> **The problem**: Reprint the listing. Every line must match the original exactly.
Supplied records START
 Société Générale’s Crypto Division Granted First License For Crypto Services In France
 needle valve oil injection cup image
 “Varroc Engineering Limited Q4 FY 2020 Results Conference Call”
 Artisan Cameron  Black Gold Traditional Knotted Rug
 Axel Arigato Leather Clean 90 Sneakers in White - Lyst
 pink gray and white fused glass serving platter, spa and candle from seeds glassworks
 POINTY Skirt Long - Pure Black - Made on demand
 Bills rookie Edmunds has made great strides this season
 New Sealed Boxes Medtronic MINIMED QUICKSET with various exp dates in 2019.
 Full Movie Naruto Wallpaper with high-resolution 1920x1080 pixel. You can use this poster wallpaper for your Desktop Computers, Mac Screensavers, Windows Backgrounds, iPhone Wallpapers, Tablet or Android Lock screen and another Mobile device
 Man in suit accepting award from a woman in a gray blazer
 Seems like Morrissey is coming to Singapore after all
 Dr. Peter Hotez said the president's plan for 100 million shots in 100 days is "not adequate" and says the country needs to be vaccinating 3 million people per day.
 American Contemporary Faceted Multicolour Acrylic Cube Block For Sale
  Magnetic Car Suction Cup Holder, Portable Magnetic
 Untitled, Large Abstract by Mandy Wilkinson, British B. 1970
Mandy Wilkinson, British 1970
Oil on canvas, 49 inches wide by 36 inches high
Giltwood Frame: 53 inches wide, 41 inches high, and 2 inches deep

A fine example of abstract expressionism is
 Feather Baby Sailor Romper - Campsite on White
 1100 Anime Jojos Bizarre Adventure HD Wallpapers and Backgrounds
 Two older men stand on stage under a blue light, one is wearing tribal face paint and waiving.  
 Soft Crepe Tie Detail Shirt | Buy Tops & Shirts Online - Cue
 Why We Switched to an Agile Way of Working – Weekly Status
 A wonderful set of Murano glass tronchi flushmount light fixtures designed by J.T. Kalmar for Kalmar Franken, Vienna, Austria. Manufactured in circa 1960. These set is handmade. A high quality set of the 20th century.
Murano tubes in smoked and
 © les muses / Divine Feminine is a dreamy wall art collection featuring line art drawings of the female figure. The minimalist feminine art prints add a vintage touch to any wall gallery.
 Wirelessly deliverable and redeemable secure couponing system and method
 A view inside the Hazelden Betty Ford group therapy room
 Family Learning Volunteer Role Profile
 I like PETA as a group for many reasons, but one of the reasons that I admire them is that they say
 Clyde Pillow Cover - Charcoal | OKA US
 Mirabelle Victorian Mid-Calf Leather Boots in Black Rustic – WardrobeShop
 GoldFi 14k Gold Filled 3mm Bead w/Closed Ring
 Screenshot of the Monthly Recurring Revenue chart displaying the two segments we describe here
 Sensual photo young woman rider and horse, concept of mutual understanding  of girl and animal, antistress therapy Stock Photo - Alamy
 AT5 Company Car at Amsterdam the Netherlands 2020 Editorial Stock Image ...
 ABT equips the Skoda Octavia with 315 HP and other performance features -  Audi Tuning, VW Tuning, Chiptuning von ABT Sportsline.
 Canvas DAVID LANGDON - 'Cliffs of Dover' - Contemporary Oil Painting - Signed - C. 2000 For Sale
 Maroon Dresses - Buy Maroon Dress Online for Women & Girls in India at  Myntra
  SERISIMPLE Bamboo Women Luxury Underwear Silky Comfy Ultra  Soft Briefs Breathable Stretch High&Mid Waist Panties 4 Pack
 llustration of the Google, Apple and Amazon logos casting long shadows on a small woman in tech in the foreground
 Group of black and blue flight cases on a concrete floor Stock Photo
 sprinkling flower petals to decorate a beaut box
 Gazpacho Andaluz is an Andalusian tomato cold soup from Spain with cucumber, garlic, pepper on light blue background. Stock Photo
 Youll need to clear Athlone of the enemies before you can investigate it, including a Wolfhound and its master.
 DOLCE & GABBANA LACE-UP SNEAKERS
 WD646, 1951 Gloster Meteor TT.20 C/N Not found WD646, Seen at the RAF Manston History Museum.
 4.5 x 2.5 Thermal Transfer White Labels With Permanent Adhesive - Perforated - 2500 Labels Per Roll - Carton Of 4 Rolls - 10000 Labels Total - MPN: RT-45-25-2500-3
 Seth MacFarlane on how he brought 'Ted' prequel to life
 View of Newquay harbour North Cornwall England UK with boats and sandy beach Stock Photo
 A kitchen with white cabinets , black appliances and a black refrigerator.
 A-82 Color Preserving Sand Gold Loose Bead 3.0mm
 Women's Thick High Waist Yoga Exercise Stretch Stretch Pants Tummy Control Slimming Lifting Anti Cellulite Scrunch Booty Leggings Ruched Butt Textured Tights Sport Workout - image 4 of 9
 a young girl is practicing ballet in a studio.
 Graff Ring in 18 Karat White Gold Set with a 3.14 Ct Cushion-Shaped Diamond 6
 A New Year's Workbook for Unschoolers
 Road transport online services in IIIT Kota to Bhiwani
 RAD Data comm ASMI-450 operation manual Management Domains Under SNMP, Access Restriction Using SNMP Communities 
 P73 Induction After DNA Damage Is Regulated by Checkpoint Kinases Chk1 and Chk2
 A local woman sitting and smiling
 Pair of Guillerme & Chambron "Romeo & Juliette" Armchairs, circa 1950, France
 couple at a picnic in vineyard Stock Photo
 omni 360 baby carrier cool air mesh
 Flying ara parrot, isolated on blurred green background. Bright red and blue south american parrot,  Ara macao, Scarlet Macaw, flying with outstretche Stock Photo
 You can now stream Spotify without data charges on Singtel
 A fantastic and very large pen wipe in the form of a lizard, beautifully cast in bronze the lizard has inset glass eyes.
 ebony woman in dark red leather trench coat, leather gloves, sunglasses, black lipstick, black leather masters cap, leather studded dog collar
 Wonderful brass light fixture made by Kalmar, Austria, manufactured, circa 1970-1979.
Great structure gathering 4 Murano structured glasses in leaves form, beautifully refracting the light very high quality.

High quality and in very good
Supplied records END
> **Answer box**:
 Société Générale’s Crypto Division Granted First License For Crypto Services In France
 needle valve oil injection cup image
 “Varroc Engineering Limited Q4 FY 2020 Results Conference Call”
 Artisan Cameron  Black Gold Traditional Knotted Rug
 Axel Arigato Leather Clean 90 Sneakers in White - Lyst
 pink gray and white fused glass serving platter, spa and candle from seeds glassworks
 POINTY Skirt Long - Pure Black - Made on demand
 Bills rookie Edmunds has made great strides this season
 New Sealed Boxes Medtronic MINIMED QUICKSET with various exp dates in 2019.
 Full Movie Naruto Wallpaper with high-resolution 1920x1080 pixel. You can use this poster wallpaper for your Desktop Computers, Mac Screensavers, Windows Backgrounds, iPhone Wallpapers, Tablet or Android Lock screen and another Mobile device
 Man in suit accepting award from a woman in a gray blazer
 Seems like Morrissey is coming to Singapore after all
 Dr. Peter Hotez said the president's plan for 100 million shots in 100 days is "not adequate" and says the country needs to be vaccinating 3 million people per day.
 American Contemporary Faceted Multicolour Acrylic Cube Block For Sale
  Magnetic Car Suction Cup Holder, Portable Magnetic
 Untitled, Large Abstract by Mandy Wilkinson, British B. 1970
Mandy Wilkinson, British 1970
Oil on canvas, 49 inches wide by 36 inches high
Giltwood Frame: 53 inches wide, 41 inches high, and 2 inches deep

A fine example of abstract expressionism is
 Feather Baby Sailor Romper - Campsite on White
 1100 Anime Jojos Bizarre Adventure HD Wallpapers and Backgrounds
 Two older men stand on stage under a blue light, one is wearing tribal face paint and waiving.  
 Soft Crepe Tie Detail Shirt | Buy Tops & Shirts Online - Cue
 Why We Switched to an Agile Way of Working – Weekly Status
 A wonderful set of Murano glass tronchi flushmount light fixtures designed by J.T. Kalmar for Kalmar Franken, Vienna, Austria. Manufactured in circa 1960. These set is handmade. A high quality set of the 20th century.
Murano tubes in smoked and
 © les muses / Divine Feminine is a dreamy wall art collection featuring line art drawings of the female figure. The minimalist feminine art prints add a vintage touch to any wall gallery.
 Wirelessly deliverable and redeemable secure couponing system and method
 A view inside the Hazelden Betty Ford group therapy room
 Family Learning Volunteer Role Profile
 I like PETA as a group for many reasons, but one of the reasons that I admire them is that they say
 Clyde Pillow Cover - Charcoal | OKA US
 Mirabelle Victorian Mid-Calf Leather Boots in Black Rustic – WardrobeShop
 GoldFi 14k Gold Filled 3mm Bead w/Closed Ring
 Screenshot of the Monthly Recurring Revenue chart displaying the two segments we describe here
 Sensual photo young woman rider and horse, concept of mutual understanding  of girl and animal, antistress therapy Stock Photo - Alamy
 AT5 Company Car at Amsterdam the Netherlands 2020 Editorial Stock Image ...
 ABT equips the Skoda Octavia with 315 HP and other performance features -  Audi Tuning, VW Tuning, Chiptuning von ABT Sportsline.
 Canvas DAVID LANGDON - 'Cliffs of Dover' - Contemporary Oil Painting - Signed - C. 2000 For Sale
 Maroon Dresses - Buy Maroon Dress Online for Women & Girls in India at  Myntra
  SERISIMPLE Bamboo Women Luxury Underwear Silky Comfy Ultra  Soft Briefs Breathable Stretch High&Mid Waist Panties 4 Pack
 llustration of the Google, Apple and Amazon logos casting long shadows on a small woman in tech in the foreground
 Group of black and blue flight cases on a concrete floor Stock Photo
 sprinkling flower petals to decorate a beaut box
 Gazpacho Andaluz is an Andalusian tomato cold soup from Spain with cucumber, garlic, pepper on light blue background. Stock Photo
 Youll need to clear Athlone of the enemies before you can investigate it, including a Wolfhound and its master.
 DOLCE & GABBANA LACE-UP SNEAKERS
 WD646, 1951 Gloster Meteor TT.20 C/N Not found WD646, Seen at the RAF Manston History Museum.
 4.5 x 2.5 Thermal Transfer White Labels With Permanent Adhesive - Perforated - 2500 Labels Per Roll - Carton Of 4 Rolls - 10000 Labels Total - MPN: RT-45-25-2500-3
 Seth MacFarlane on how he brought 'Ted' prequel to life
 View of Newquay harbour North Cornwall England UK with boats and sandy beach Stock Photo
 A kitchen with white cabinets , black appliances and a black refrigerator.
 A-82 Color Preserving Sand Gold Loose Bead 3.0mm
 Women's Thick High Waist Yoga Exercise Stretch Stretch Pants Tummy Control Slimming Lifting Anti Cellulite Scrunch Booty Leggings Ruched Butt Textured Tights Sport Workout - image 4 of 9
 a young girl is practicing ballet in a studio.
 Graff Ring in 18 Karat White Gold Set with a 3.14 Ct Cushion-Shaped Diamond 6
 A New Year's Workbook for Unschoolers
 Road transport online services in IIIT Kota to Bhiwani
 RAD Data comm ASMI-450 operation manual Management Domains Under SNMP, Access Restriction Using SNMP Communities 
 P73 Induction After DNA Damage Is Regulated by Checkpoint Kinases Chk1 and Chk2
 A local woman sitting and smiling
 Pair of Guillerme & Chambron "Romeo & Juliette" Armchairs, circa 1950, France
 couple at a picnic in vineyard Stock Photo
 omni 360 baby carrier cool air mesh
 Flying ara parrot, isolated on blurred green background. Bright red and blue south american parrot,  Ara macao, Scarlet Macaw, flying with outstretche Stock Photo
 You can now stream Spotify without data charges on Singtel
 A fantastic and very large pen wipe in the form of a lizard, beautifully cast in bronze the lizard has inset glass eyes.
 ebony woman in dark red leather trench coat, leather gloves, sunglasses, black lipstick, black leather masters cap, leather studded dog collar
 Wonderful brass light fixture made by Kalmar, Austria, manufactured, circa 1970-1979.
Great structure gathering 4 Murano structured glasses in leaves form, beautifully refracting the light very high quality.

High quality and in very good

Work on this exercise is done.